The Kiobel majority concludes that the plaintiffs in that case impermissibly sought to extend a U.S. cause of action to foreign conduct by foreign companies against foreign victims (even though the victims subsequently became lawful U.S. residents). It dismisses the historical practice of allowing suits for transitory torts (which I have explored in more detail here) by reasoning that the cause of action in ATS cases comes from U.S. law, not foreign or international law (the latter of which does not provide “causes of action” as such). As the first part of the majority’s opinion acknowledges, the presumption against extraterritoriality cannot apply in a literal fashion to the ATS, because the statute is “strictly jurisdictional.” The majority opinion deals with the hybrid quality of ATS claims (which translate certain clearly defined international norms into federal common law causes of action) by treating ATS claims like any other claim brought under a federal statute. This departs from the majority’s approach in Sosa, which took the more nuanced position that federal courts do not “lose all capacity to recognize enforceable international norms simply because the common law might lose some metaphysical cachet on the road to modern realism.” Under Kiobel, federal courts have not lost “all” such capacity, but they appear to have lost much of it, contrary to what the Sosa majority believed was the intention of the First Congress, and contrary to the (in my view) more conceptually defensible approach in Justice Breyer’s concurrence, which has also been endorsed by Anthony Colangelo and John Knox in this OJ symposium.

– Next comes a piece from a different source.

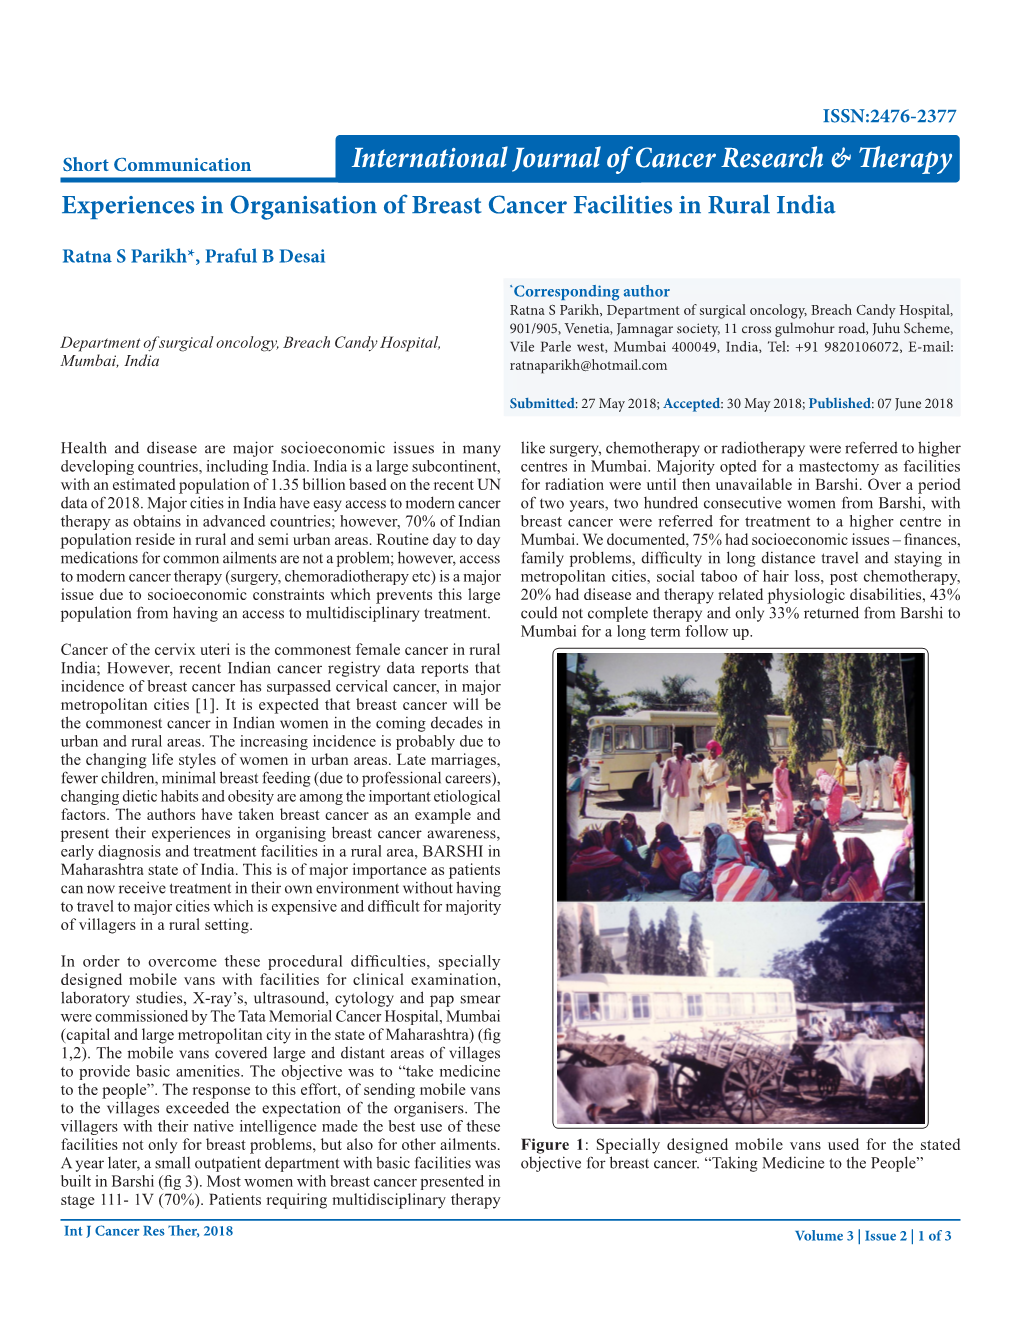 Experiences in Organisation of Breast Cancer Facilities in Rural India

The majority’s “narrow approach” leaves a number of specific questions open, but it also resolves a few broader issues that are likely to arise in future cases. Under the majority’s reasoning, there should be no Article III problem with remaining ATS suits, because the ATS applies (and thus “arises under”) federal law. It follows that U.S. law will govern various aspects of the claim, including the standard for accomplice liability (i.e., knowledge), and the availability of corporate liability and punitive damages. In that sense, the Kiobel decision has left us with a geographically truncated, but perhaps substantively more robust, ATS. ATS claims (including those against foreign defendants that, in Justice Kennedy’s words, are “covered neither by the TVPA nor by the reasoning and holding of today’s case”) may be brought against individuals and against corporations, where there is a greater connection to the forum than the defendant’s “mere corporate presence” in the United States. Several such claims are currently making their way through the appellate courts.

2 Responses

  1. I must admit some curiosity as to what relevant ATS claims could be remaining at this point.  You mention in your final sentence that there are some, but could provide some examples?

  2. I’d suggest taking a look at Marty Lederman’s OJ post and Oona Hathaway’s Lawfare post for suggestions about the types of cases that might go forward post-Kiobel. I agree with them, and with Roger Alford, that the key will be lower courts’ interpretation of the majority’s “touch and concern” language, and whether they focus on U.S. “territory” or construe territory to include U.S. “interests” — since although Roger is obviously correct that the majority did not embrace Justice Breyer’s approach, they also didn’t embrace the Alito/Thomas approach, and Justice Kennedy at least seems to have joined the majority based on the assumption that its opinion leaves some wiggle-room for non-TVPA cases to proceed (for example, against U.S. corporations, or against foreign perpetrators seeking safe harbor in the U.S. for Sosa-qualifying offenses other than torture and extrajudicial killing).